Combine potatoes, water, 1 tablespoon (9g) salt, and vinegar in a pot and bring to a boil over medium-high heat. Reduce heat to maintain a simmer and cook for 4 minutes; potatoes will still be quite firm. Drain potatoes and let cool for at least 15 minutes.
Melt butter in a 10-inch cast iron pan over medium-high heat. Once butter stops foaming, add onions along with 1/4 teaspoon (1g) of salt and stir to thoroughly coat onions in fat. Cook, stirring frequently, until larger pieces of onion soft and translucent and smallest pieces of onion are browning and threatening to char, about 4 minutes. Using tongs or slotted spoon, transfer onions to small bowl, leaving as much butter as possible in the pan.
Add diced corned beef fat to pan and cook, stirring frequently, until it renders all of its liquid fat and bits and pieces are very crisp, about 2-3 minutes.

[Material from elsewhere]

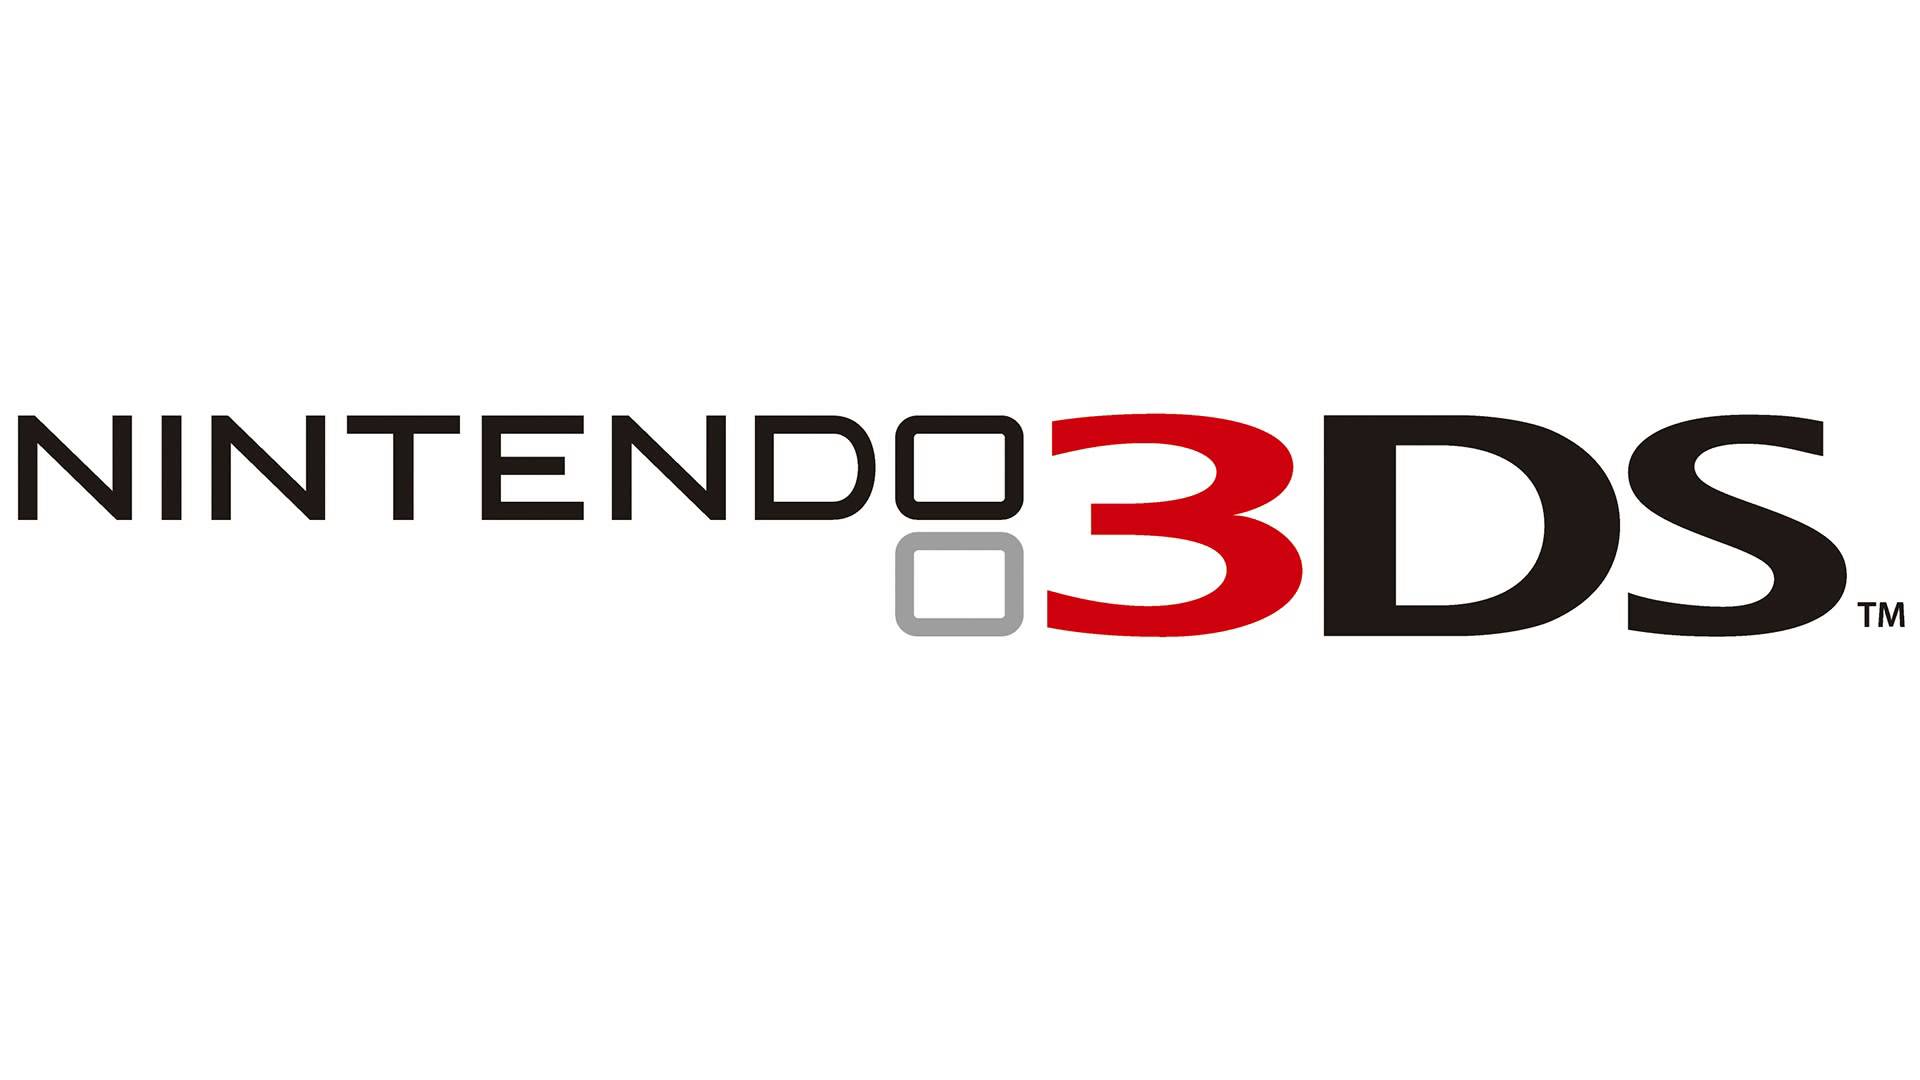 GameSpot Old Logo - The Nintendo 3DS Is Five Years Old This Month! Come Share Your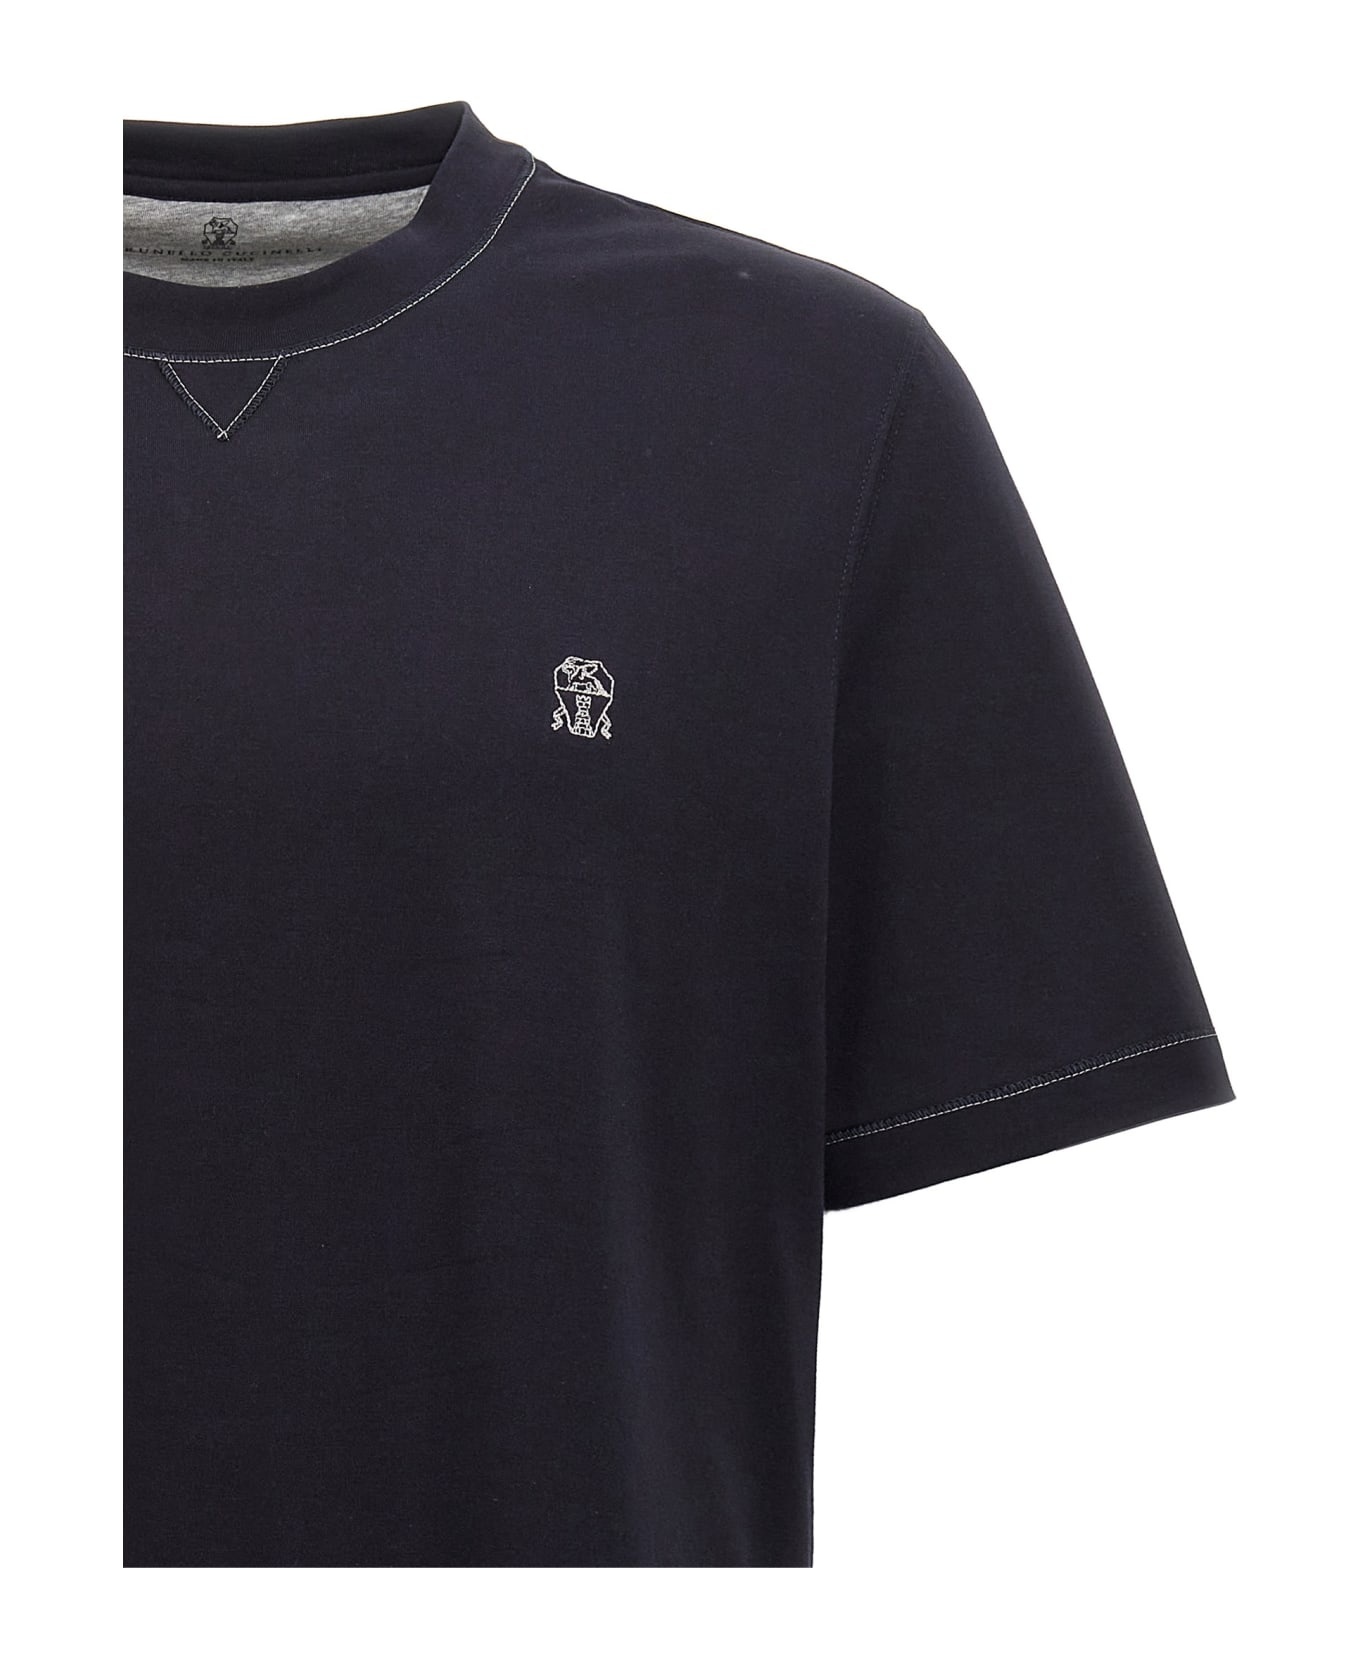 Logo Embroidery T-shirt - 3

Using tongs or slotted spoon, transfer crispy bits to bowl with onions, leaving as much fat as possible in the pan.
Add the now-cool potatoes to the pan and, using a wooden spoon, pack the cubes down into a single layer. Cook without stirring for 3-4 minutes. Toss potatoes, using wooden spoon to assist you, then pack them down again and cook, without stirring , 2-3 minutes. Toss potatoes again, pack down again, and cook, without stirring, 2-3 minutes. The potatoes should be relatively evenly browned and crisp.
Add diced green bell pepper to pan, toss with potatoes to distribute. Using the wooden spoon, pack mixture down in a single layer and cook, without stirring, until some pepper pieces begin to char, 2 minutes.
Add cooked onions, corned beef fat, and shredded corned beef, and toss to combine. Using wooden spoon, pack mixture down into the pan, being careful not to break up potatoes. Cook, without stirring, until shreds of parts of mixture in contact with the bottom of the pan become crisp and slightly charred, 2 minutes. Toss mixture before serving to distribute crispy bits more seamlessly into the mix. Serve immediately with crispy fried eggs and chimicchuri on the side.
10-inch cast iron pan, 3-quart saucier, wooden spoon, tongs
You can use a russet potato, if you like, cut into the same dice. Adjust the parcooking time for the potatoes in Step 1 to 6 minutes.
Make-Ahead and Storage
Surprisingly enough, corned beef hash keeps quite well in the refrigerator, and cold corned beef hash is delicious when eaten straight out of a tupperware while standing in front of your refrigerator. In a sealed container, corned beef hash will keep for up to one week in the refrigerator.